Some high-profile investors opt for anonymous trading for privacy reasons or to protect their personal interests such as family. Some stock exchanges, including London Stock Exchange, NASDAQ and Toronto Stock Exchange, offer this type of option for investors.
Most investors that opt for this option are the high rollers, as they want the freedom to have major investment without getting much attention from most people.
How does anonymous trading work?
Investors can trade anonymously in two different settings—anonymous exchanges and dark pools. Anonymous exchanges were eventually allowed due to competition from electronic communication networks. Some stock exchanges allow traders to order both anonymously and non-anonymously. Meanwhile, dark pools operate outside of regulated national exchanges, which means that orders made through this venue would only be anonymous before and during the execution instead of after execution.
Dark pool trading also allows for searching or posting liquidity, but the traders have the option not to print the trades on acknowledged exchanges.

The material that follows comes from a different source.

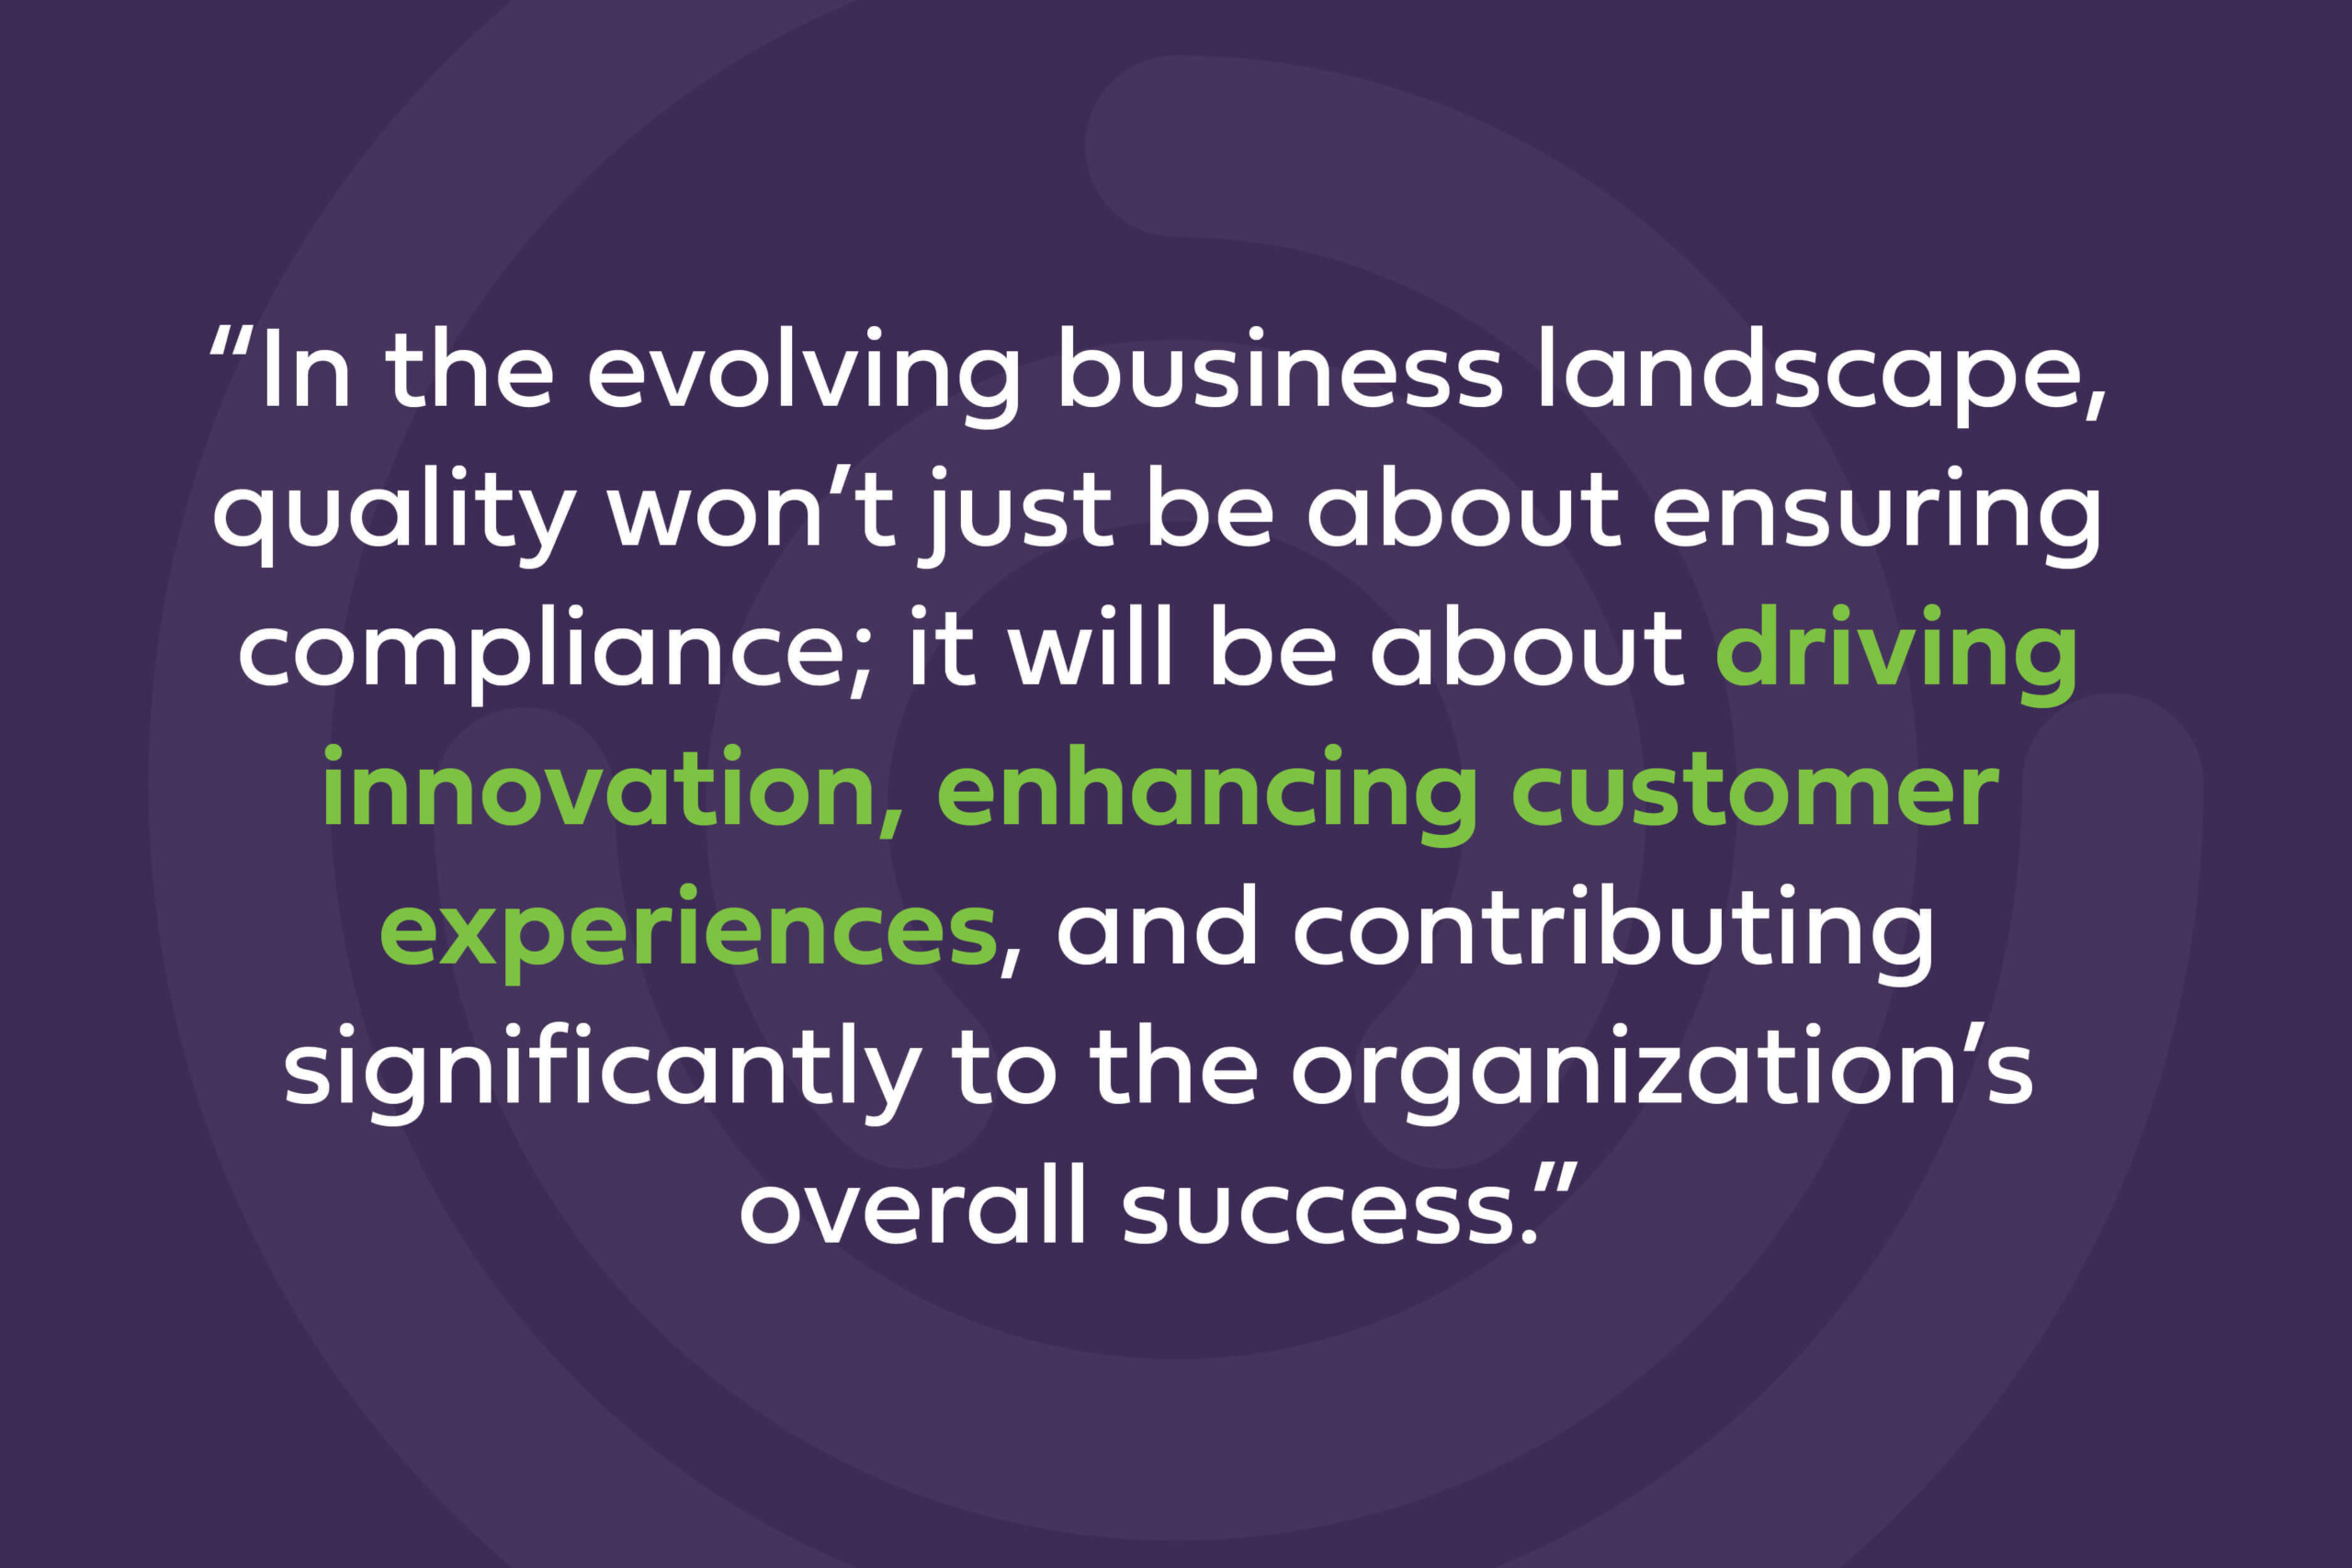 In the evolving business landscape, quality won't just be about ensuring compliance; it will be about driving innovation, enhancing customer experiences, and contributing significantly to the organization's overall success.

Most transactions for anonymous trading are more strategic than non-anonymous ones because these are usually executed by specialists and market participants. Apart from a more strategic execution, anonymous trading usually involves larger trades, according to a research published in the Journal of Financial and Quantitative Analysis.
What is the advantage of investing anonymously?
The research also found out that anonymous trading could help reduce execution costs when used in a more calculated manner—which is often the case because as mentioned, these types of trading are usually done by market makers. When done in a random order, anonymous trading does not help reduce execution costs.
Apart from personal privacy, some investors prefer anonymous trading because they do not want to get noticed, according to Advisor. Most of these investors choose to work with smaller industries where a certain high-volume trade is made, it easily gets noticed. These investors want to protect not just their identity but also their strategy.
Such investors always run the risk of having their intentions noticed, copied, or undermined. For example a savvy trader might spot a deal going down, outbid the offer by a penny or two, then sell it back for pennies more. Knowing the larger company or investor is willing to pay means they can leverage it for their gain, and the bigger investor’s loss. Thus it is no surprise many seek to engage in anonymous trading.
These investors usually work with firms on their behalf, having the option not to be specified in the printed order. This is particularly useful when trading on a lit board where anyone can see a specific firm that has traded a stock.
Who should be interested in anonymous trading?
Ultimately is up to the investor to maintain the certain degree of their anonymity. If they do not want anyone to know that they are trading for specific stocks, they must not tell other people the firms that they are affiliated or doing business with, as these firms are usually the ones publicly listed.
Anonymous trading may not be for everyone but the protection it provides is undeniable. People with money to trade should have the freedom not to be identified for security reasons and not for fraudulent intent. In a political climate where people usually judge other people about everything they do—both personally and professionally—anonymous trading helps prevent drama.
For instance, an investor may not wish to be associated with the oil and gas industry, but this person sees opportunities in these industries—anonymous trading could help that person to keep his or her business private. Whether it is in their personal or professional lives, people do not just deserve, but they also have the right to their own privacy.